Sunday, June 17, 2012

What Technology Wants

I recently learned that the eye has evolved analogously many times in many separate evolutionary paths. It's hard to get an exact number, since it all depends on how far back you go, but I've read somewhere between 7 and 45 times. This phenomenon is known as convergence, in which descendants of unrelated ancestors develop the same or similar traits.

Convergence isn't rare. In fact, it may be the rule rather than the exception. The reason is that some  things just make sense in a given environment. Eyes evolved numerous times because light (photons) is the most efficient means of communication in many places. An organism that evolves eyes is likely to have a much greater advantage over one that doesn't all things considered.

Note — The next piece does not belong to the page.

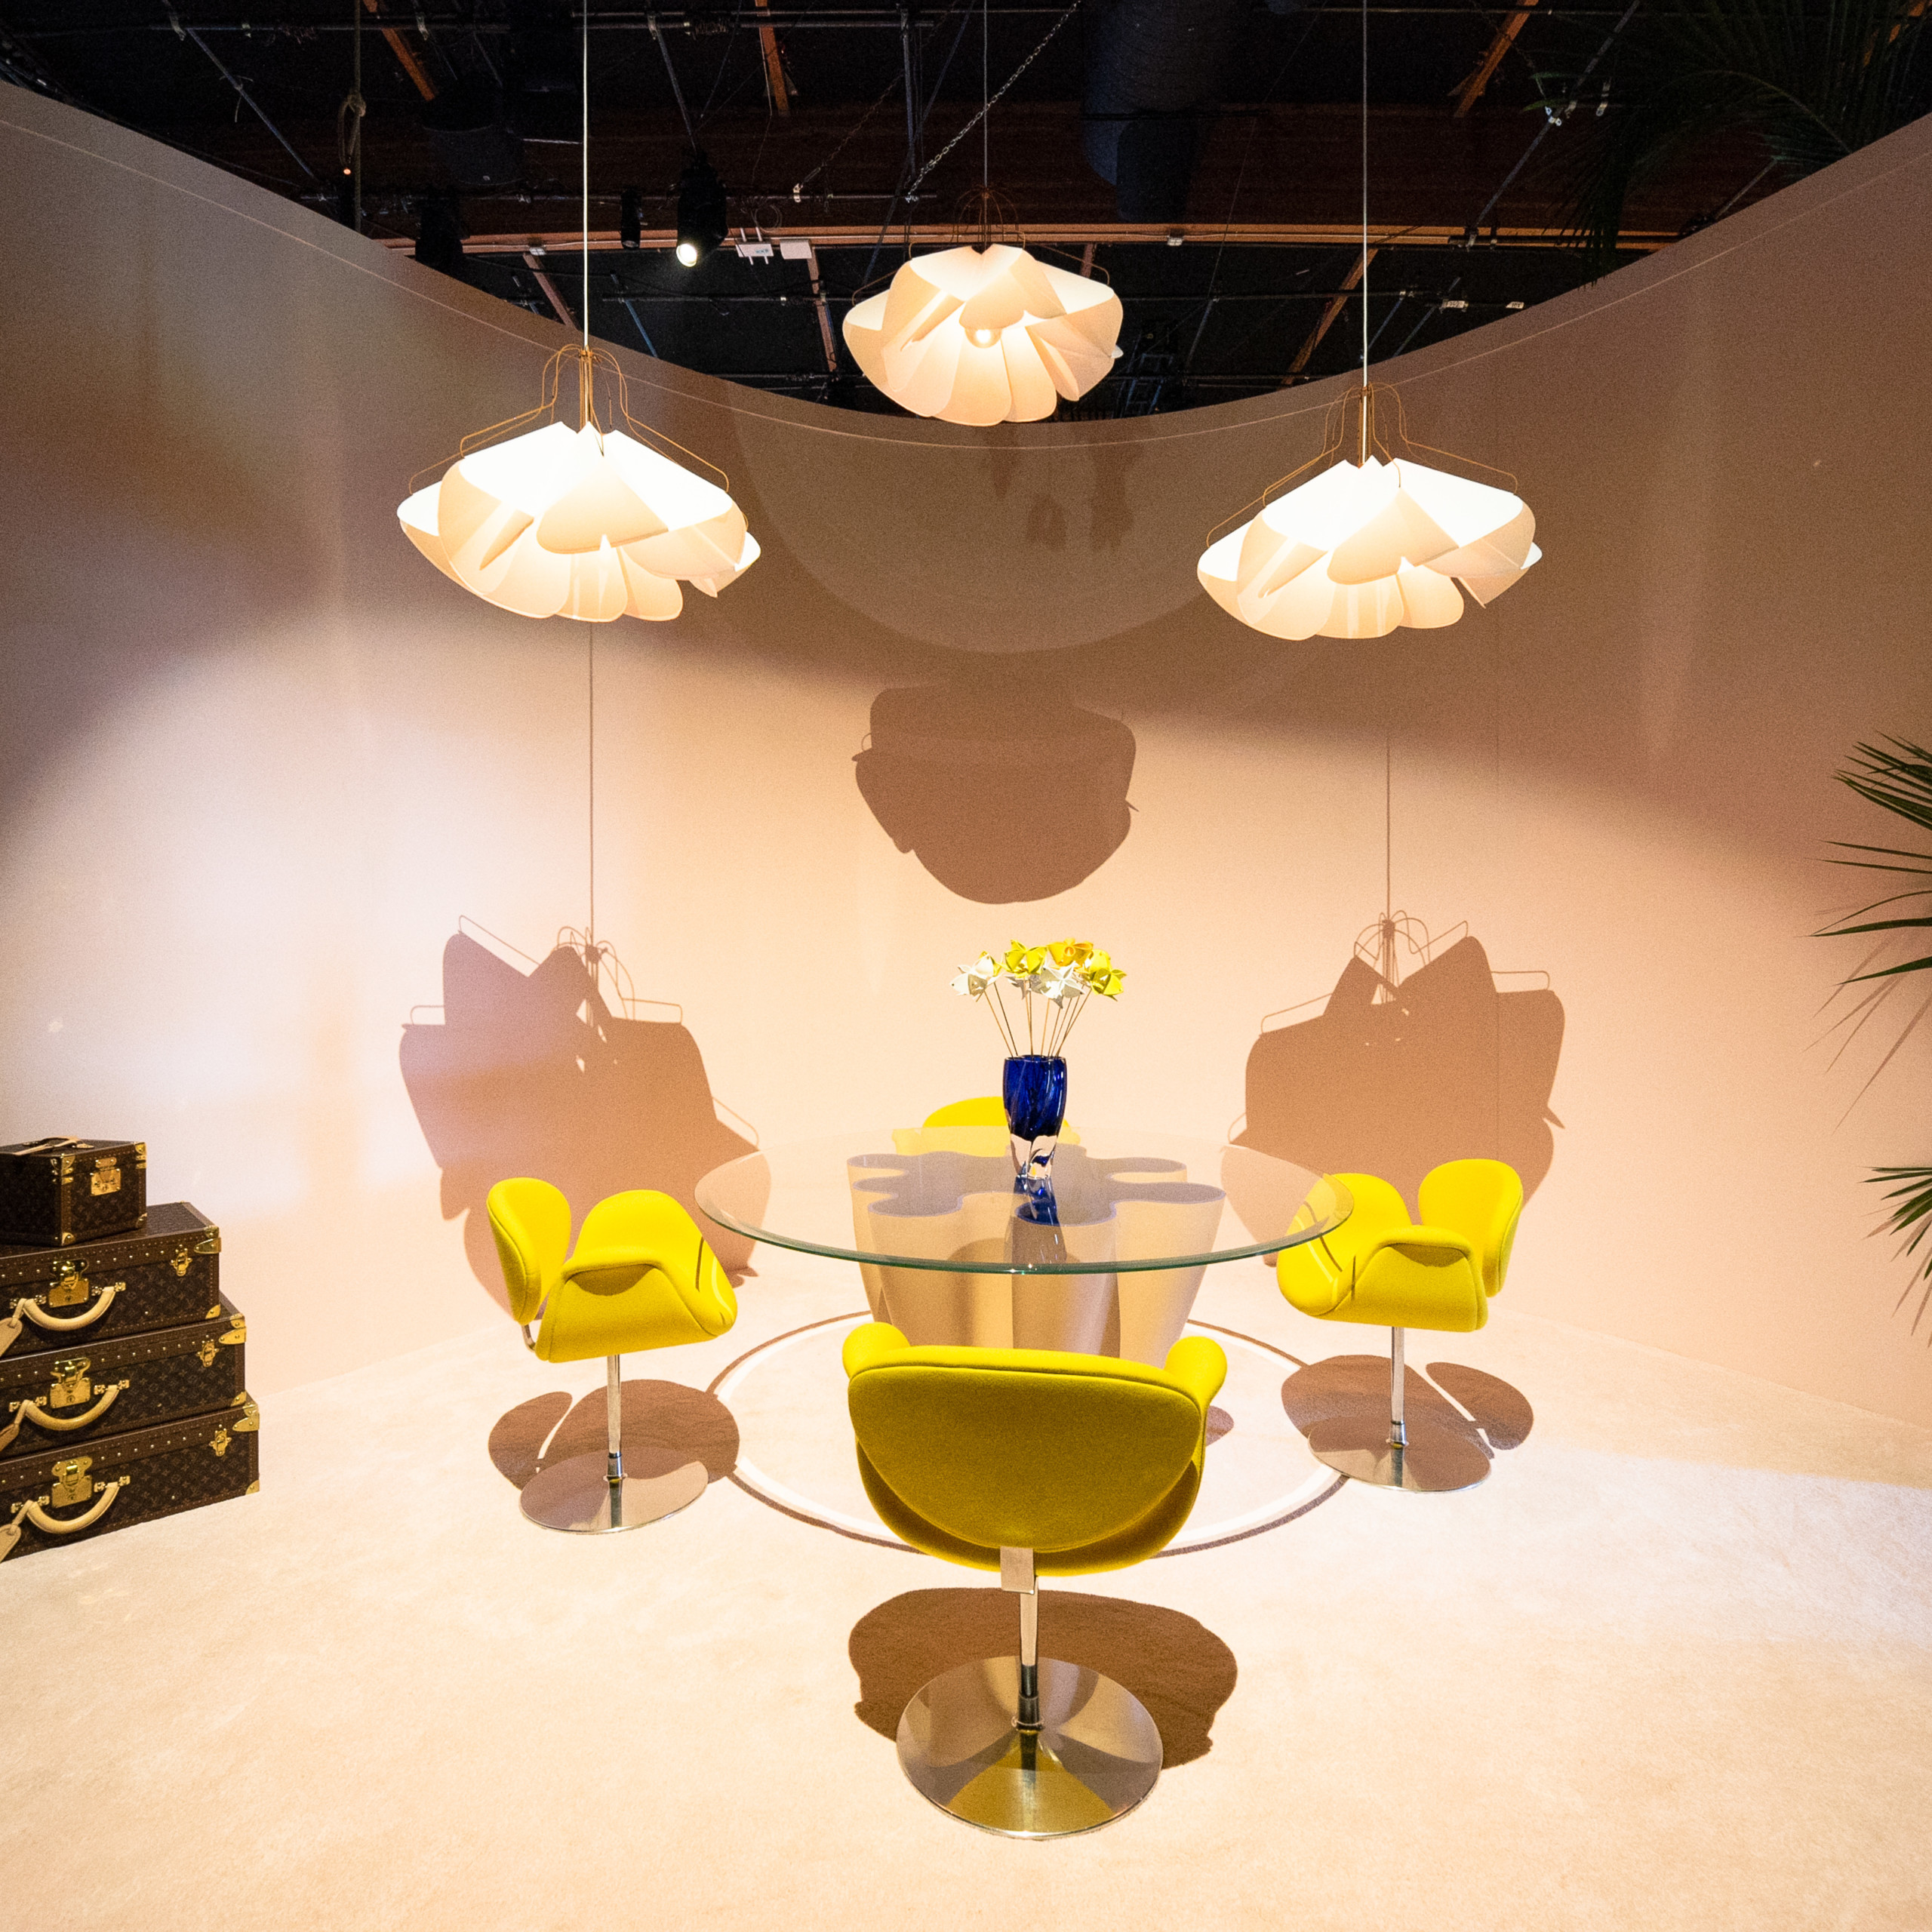 Louis Vuitton on X: At #LouisVuitton's ateliers, savoir-faire can

You might even say that nature wants eyes.

A similar thing happens in the human world of science and technology. Many people have noticed that inventions and discoveries tend to converge at the same time: calculus, the light bulb, and the telephone, just to name a very small few. More recently, HP and Canon developed the ink-jet printer at the exact same time. Again, convergence seems to be the rule rather than the exception.

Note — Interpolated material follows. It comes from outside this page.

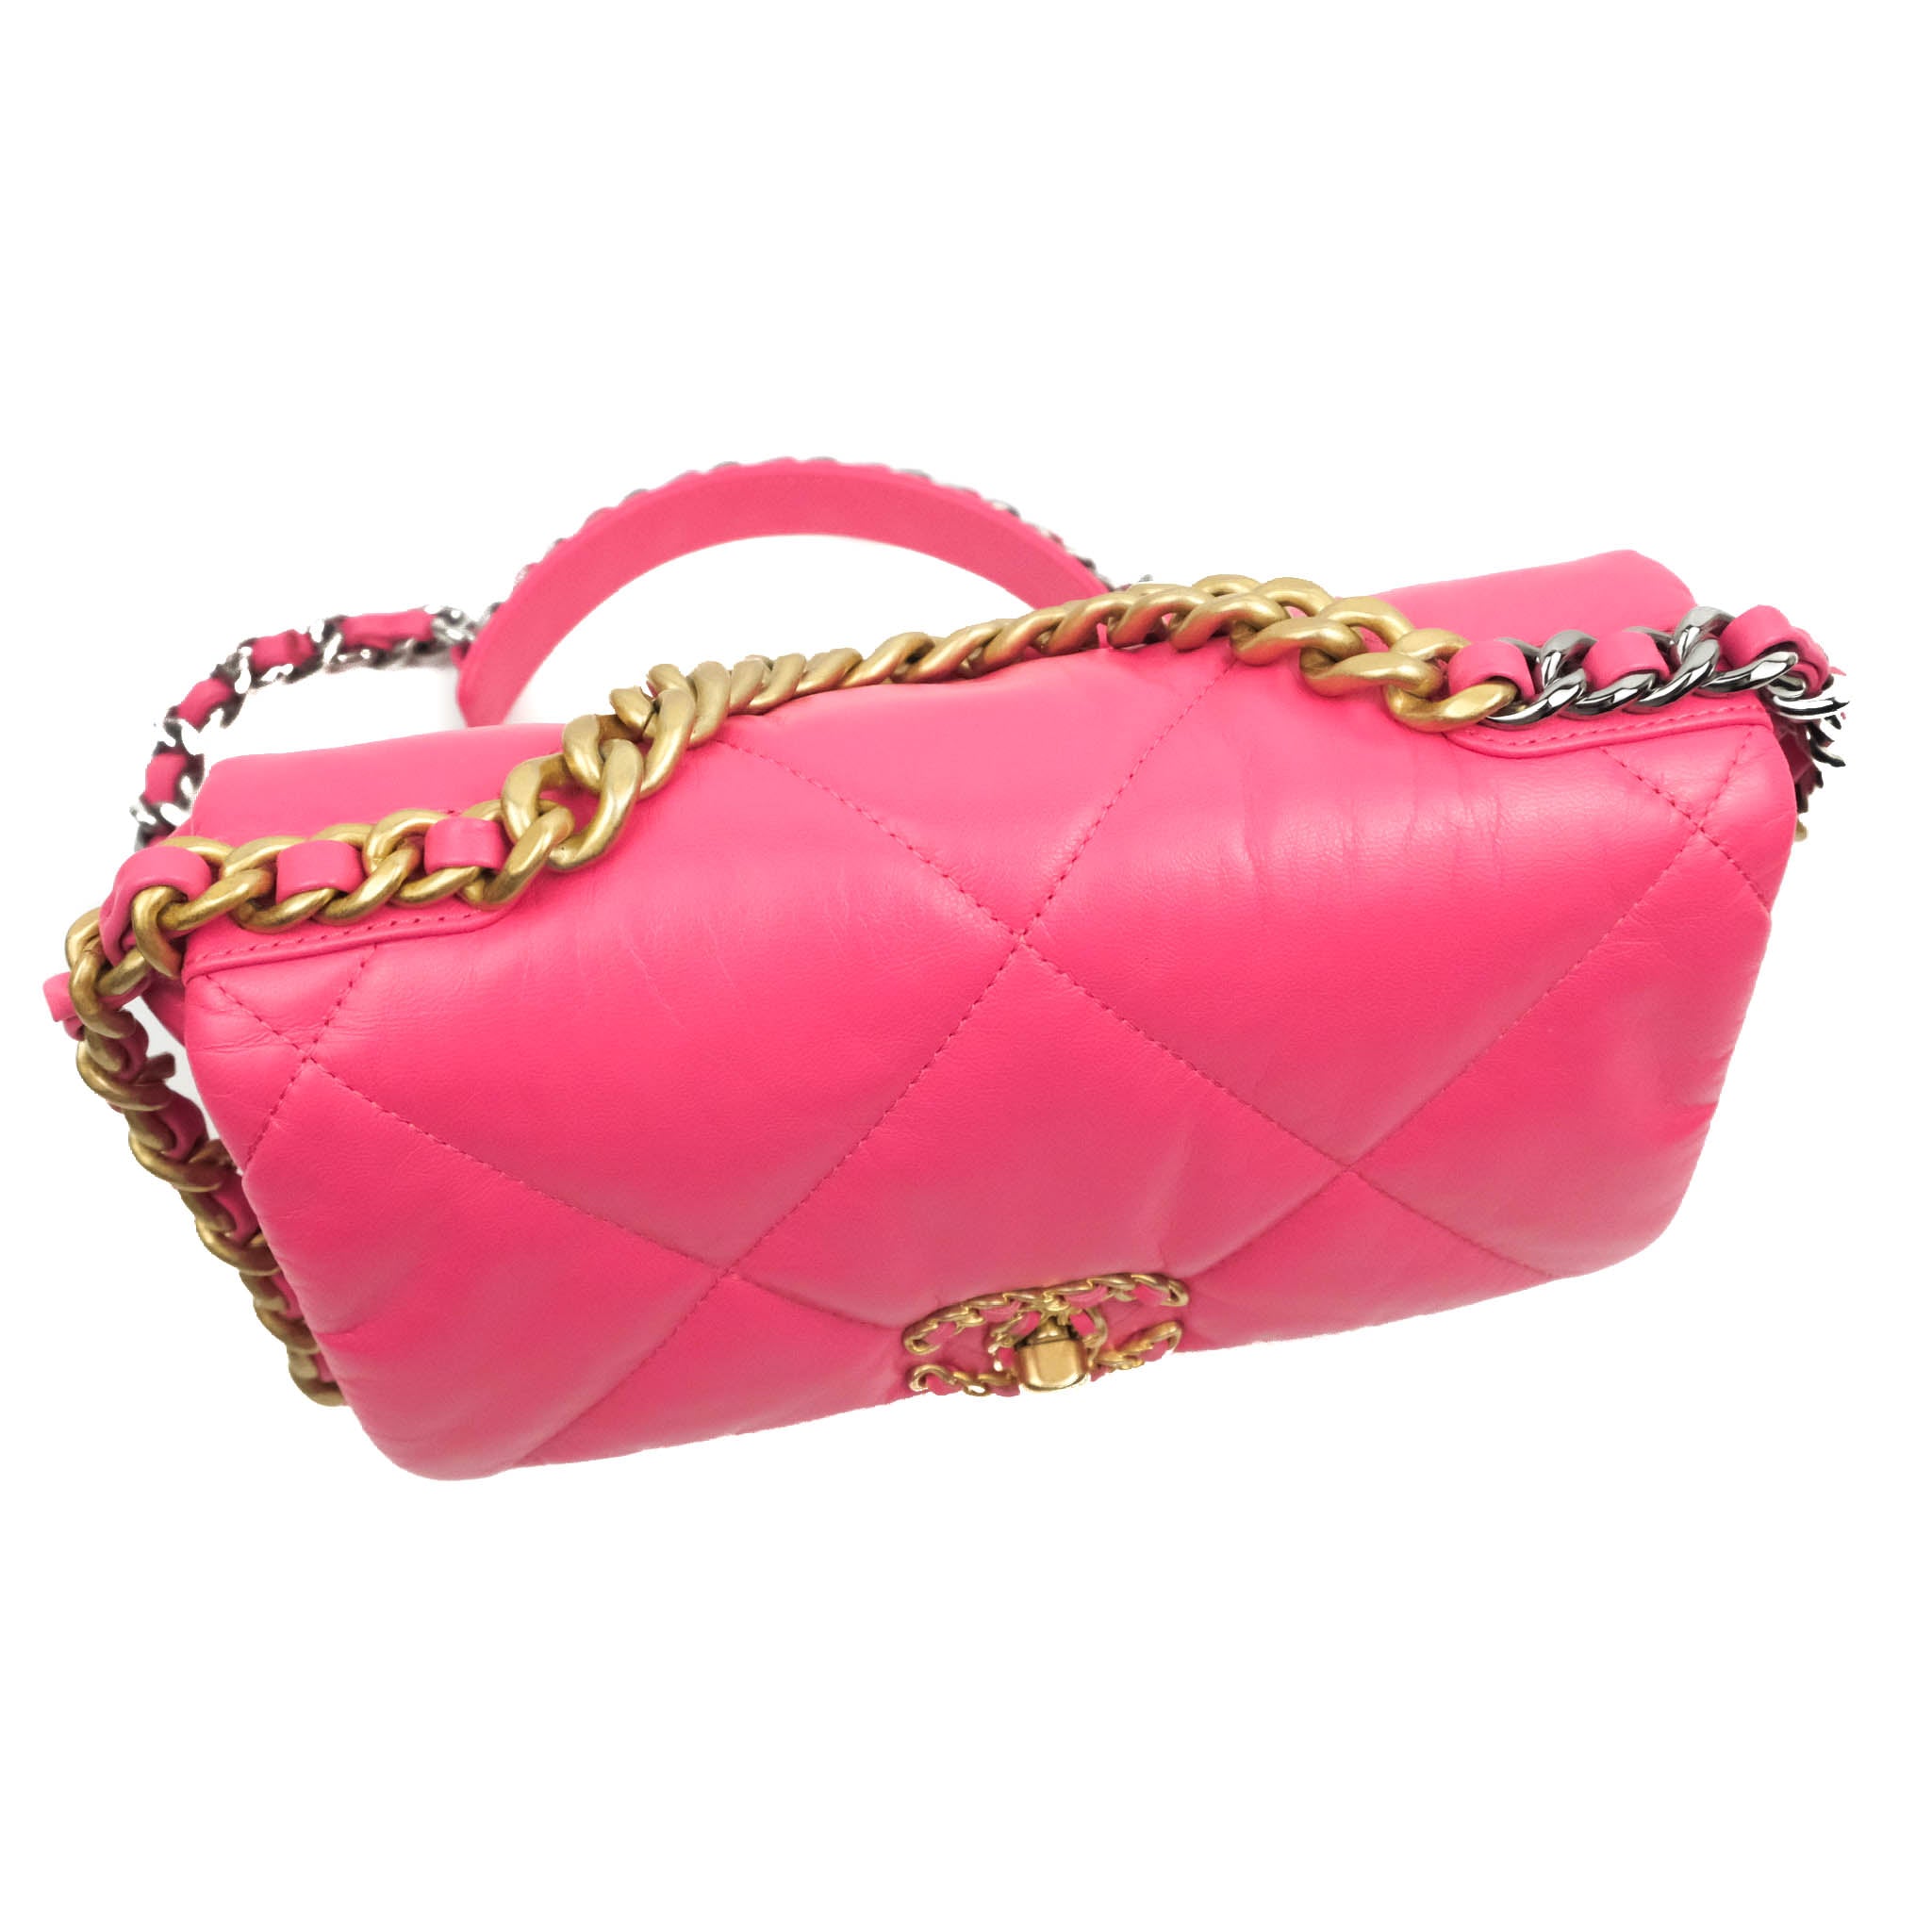 Chanel 19 Neon Pink Handbag

One of the better-known explanations of scientific convergence comes from philosopher Thomas Kuhn. He argued that scientific discovery occurs within the confines of paradigms which are eventually eclipsed by other paradigms. Within the Ptolemaic system, for example, you can account for strange orbits of planets like Mercury by adding epicycles. Two Medieval astronomers are going to come up with (roughly) the same epicycles for the same interstellar body since they're working in the same paradigm. Two 18th c. astronomers are going to come up with (roughly) the same numbers for the same interstellar body since they're working in the same paradigm of Newtonian physics.

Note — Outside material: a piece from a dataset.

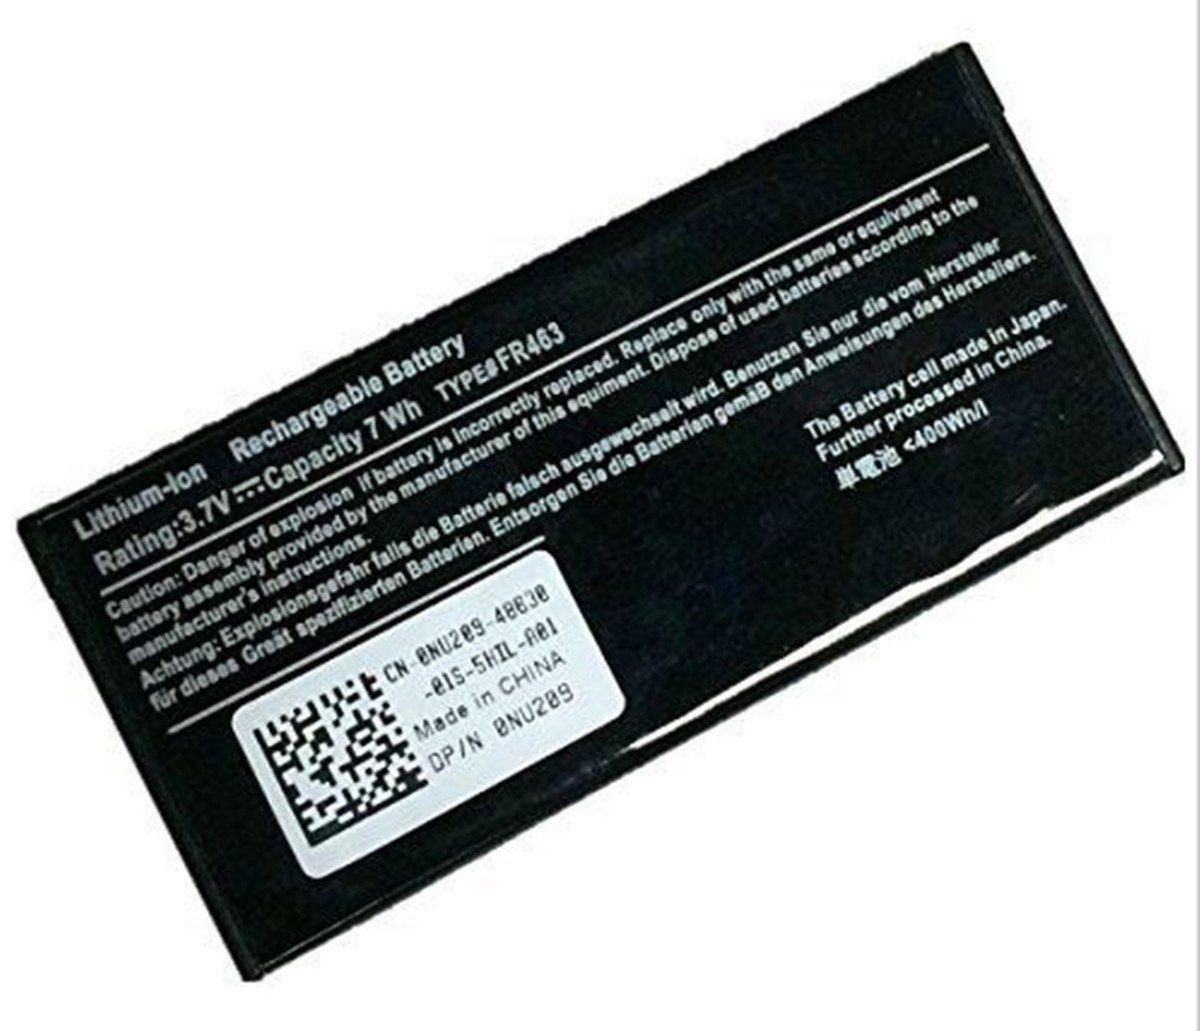 Dell Poweredge Perc 6i battery

Kevin Kelly makes much out of the analogy between biological evolution and technological evolution. He thinks of technology as a kind of Seventh Kingdom, after the other six: bacteria, archaea, eukarya, plantae, fungi, and animalia.  He calls this seventh kingdom 'the technium', writing:
The technium extends beyond shiny hardware to include culture, art, social institutions, and intellectual creations of all types. It includes intangibles like software, law, and philosophical concepts. And most important, it includes the generative impulses of our inventions to encourage more tool-making, more technology invention, and more self-enhancing connections.
Looking at technology as a form of life allows you to make some interesting connections. For instance, just as we can say that nature seems to want eyes, we could say that technology wants platforms from which we can build other things. It's no surprise that we keep developing new platforms--the most recent being 'the cloud'--that build on those of others. This is similar to the way sea creatures moved onto land, building on the energy-rich platform created by plant life.

I'll not get into the philosophical issues of Artificial Intelligence or intentionality, but we can at least agree that technological development has certain tendencies. Once of which is exponential growth. Another is decentralization. Is it any surprise we develop the same solutions to the same problems at the same time?